UU Cipta Kerja Lebih Ketat Atur Bisnis Haji Khusus dan Umrah
- Dokumentasi Kemenag
VIVA – Kementerian Agama menyatakan, Omnibus Law Undang Undang Nomor 11 Tahun 2020 tentang Cipta Kerja mengatur lebih ketat bisnis penyelenggaraan ibadah haji khusus dan umrah.
Direktur Bina Umrah dan Haji Khusus Kemenag, Arfi Hatim, mengungkapkan, pengetatan itu tergambar dari definisi Penyelenggara Perjalanan Ibadah Umrah (PPIU) dan Penyelenggara Ibadah Haji Khusus (PIHK).
Berbeda dengan Undang Undang Nomor 8 Tahun 2019, UU Cipta Kerja menetapkan untuk bisa mendapat izin PIHK dan PPIU, pemilik dan pengelola harus warga negara Indonesia yang beragama Islam.

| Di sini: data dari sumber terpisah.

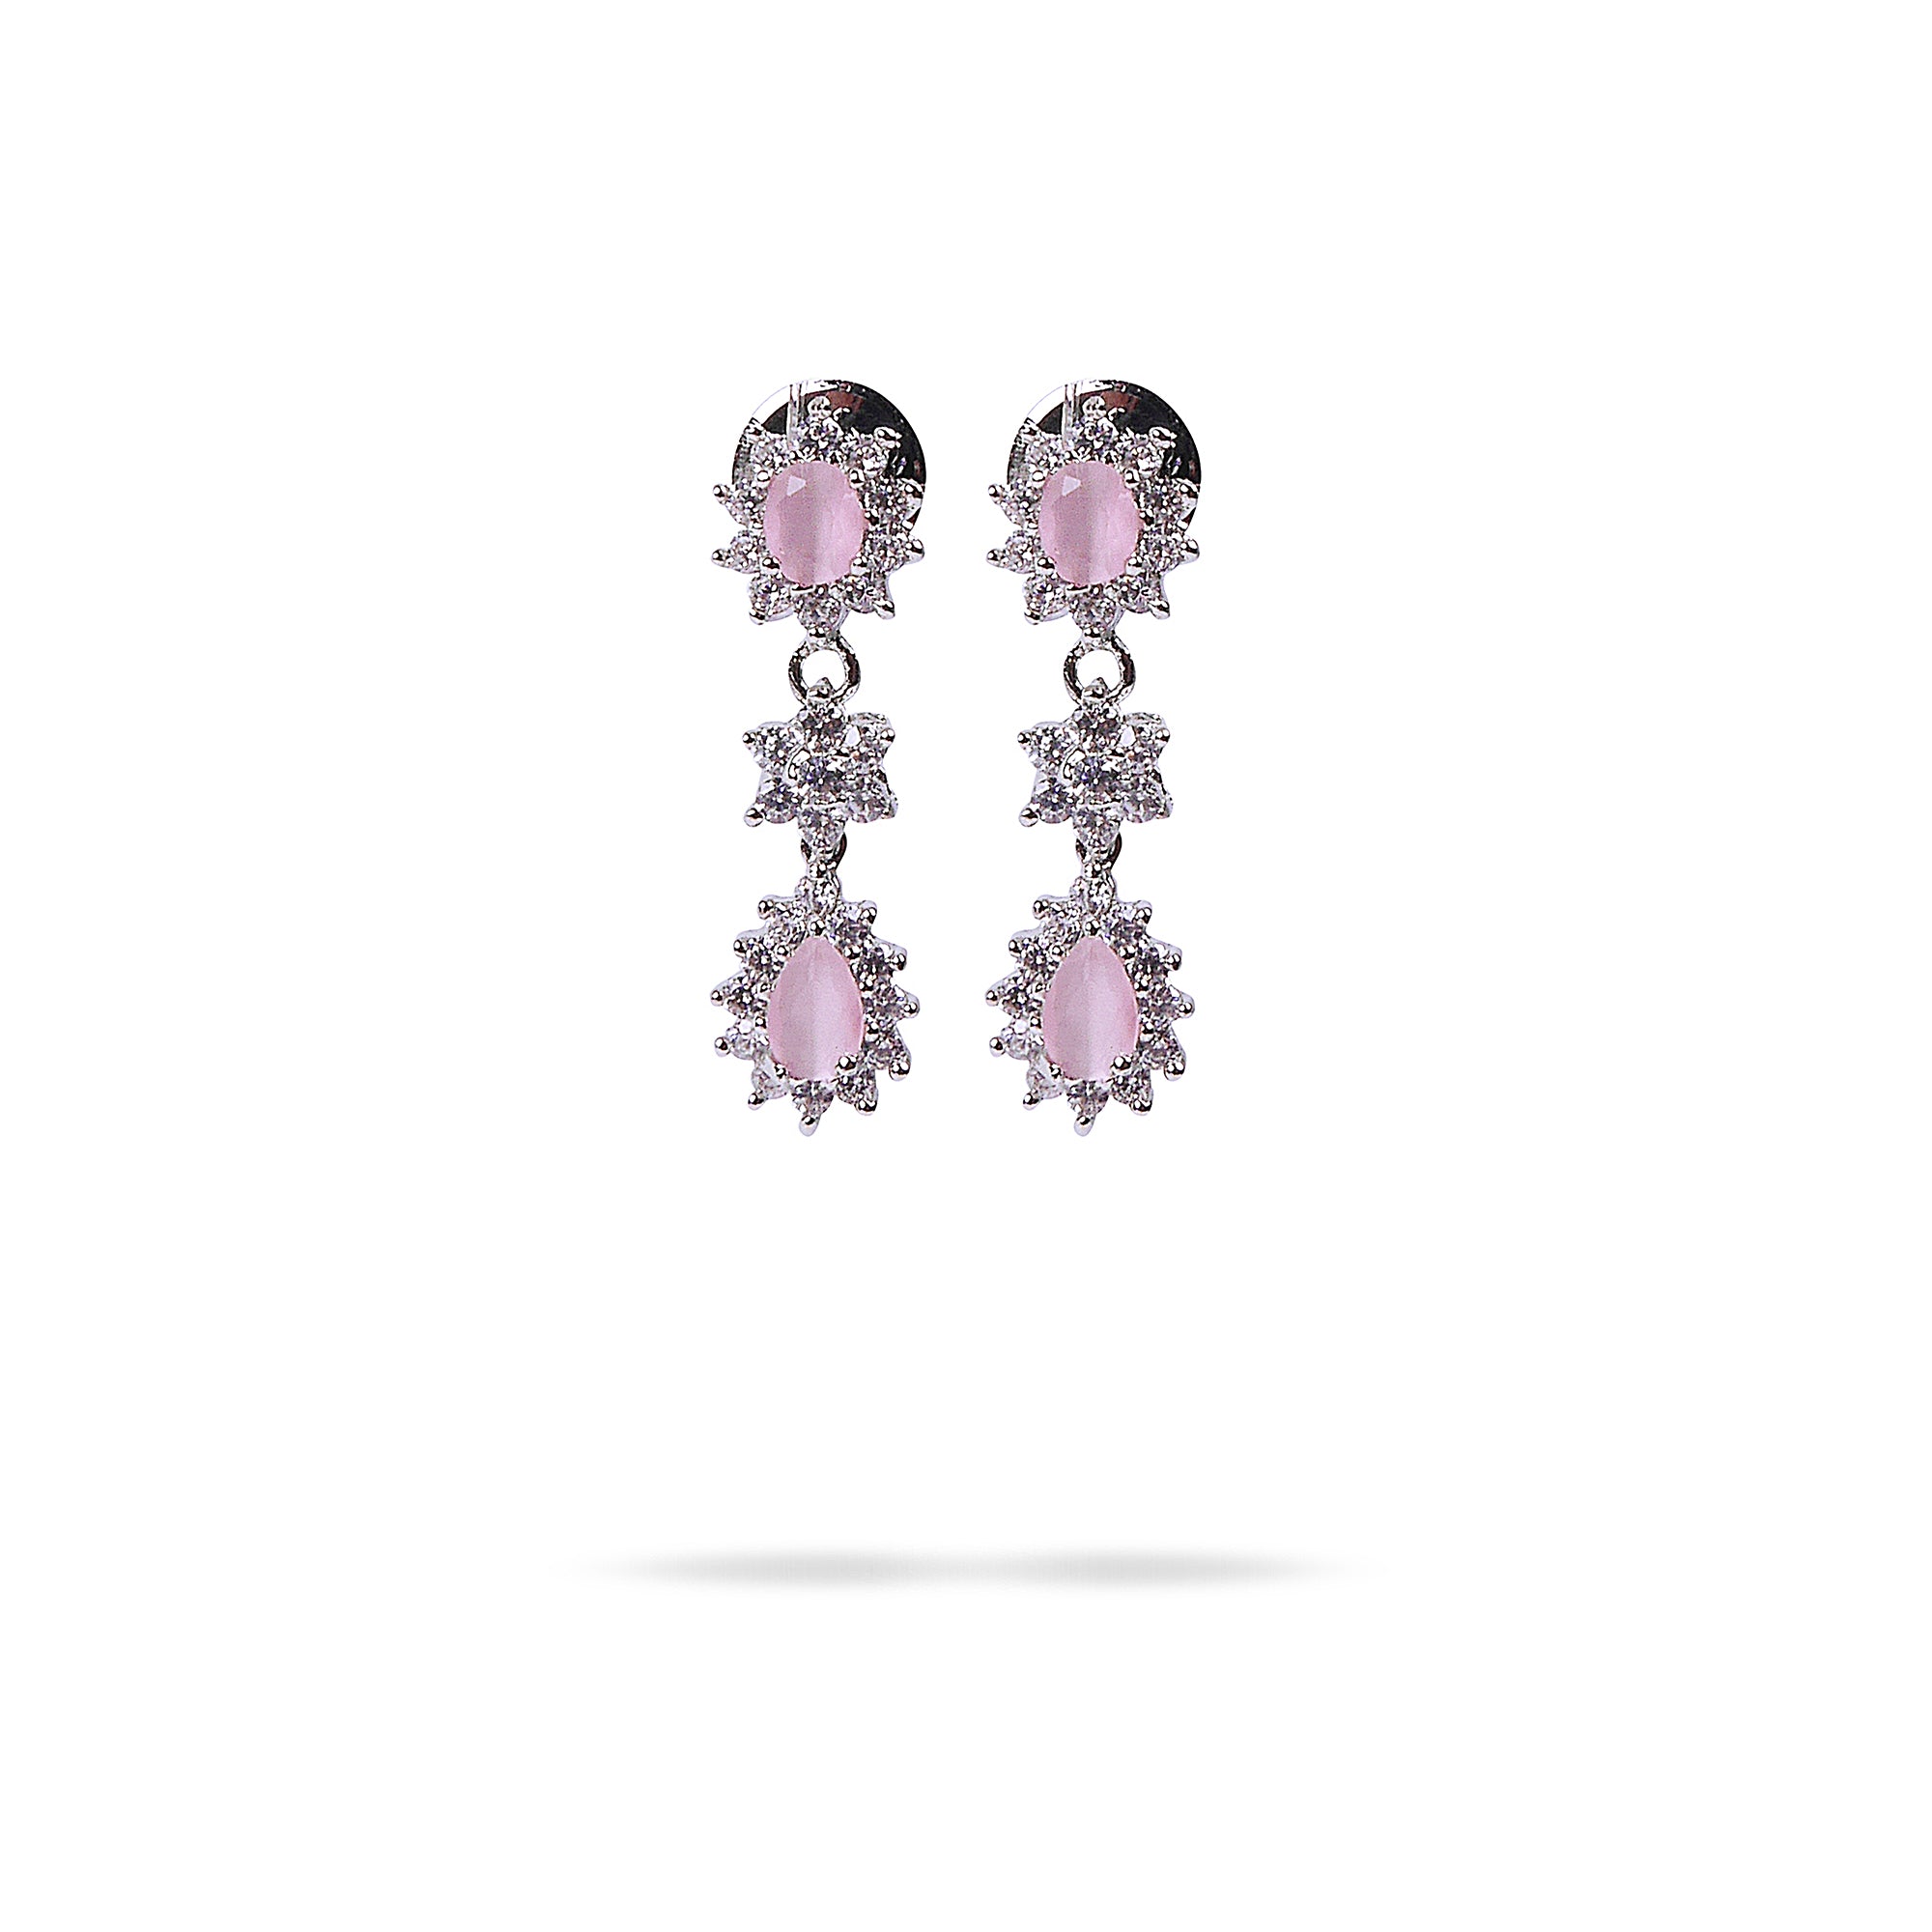 Teardrop Star Cubic Zirconia Earrings in Light Pink

Baca juga: Vaksin COVID-19 Tahap Pertama Diutamakan untuk Tenaga Kesehatan
"Ini ada sedikit perubahan dari UU sebelumnya sehingga di UU Cipta Kerja ini lebih ketat dan tegas bahwa penyelenggara itu dikelola oleh WNI yang beragama Islam," kata Arfi, Senin, 7 Desember 2020.
Di sisi lain, dia menegaskan, Kemenag juga menetapkan perizinan berusaha untuk sektor haji khusus dan umrah ini berbasis risiko tinggi. Untuk itu, membutuhkan Nomor Induk Berusaha dan izin.
Tingkat risiko bisnis
Meski begitu, dia mengklaim, sebelum aturan pelaksana dari undang-undang ini ditetapkan, pemerintah masih membuka ruang bagi para pelaku usaha memberikan masukan terkait tingkat risiko bisnis tersebut.
"Kalau ingin diturunkan tingkat risikonya tinggi misalnya, kemudian diturunkan menjadi menengah tinggi, maka tidak diperlukan lagi izin. Sehingga yang diperlukan adalah NIB dan sertifikat standar," ucap dia.
Namun, di sisi lain, untuk memberikan insentif dalam bentuk kemudahan berusaha, persoalan sanksi ada sedikit perubahan, dan menjadi lebih bersifat pembinaan agar hak-hak jemaah tuntas terpenuhi.
"Tapi perlu diketahui juga bahwa dalam pemberian sanksi itu ada dua sifat, satu sifatnya pembinaan, yang satu yang memang masuk kategori pelanggaran berat, nanti kita akan lihat," tutur Arfi. (art)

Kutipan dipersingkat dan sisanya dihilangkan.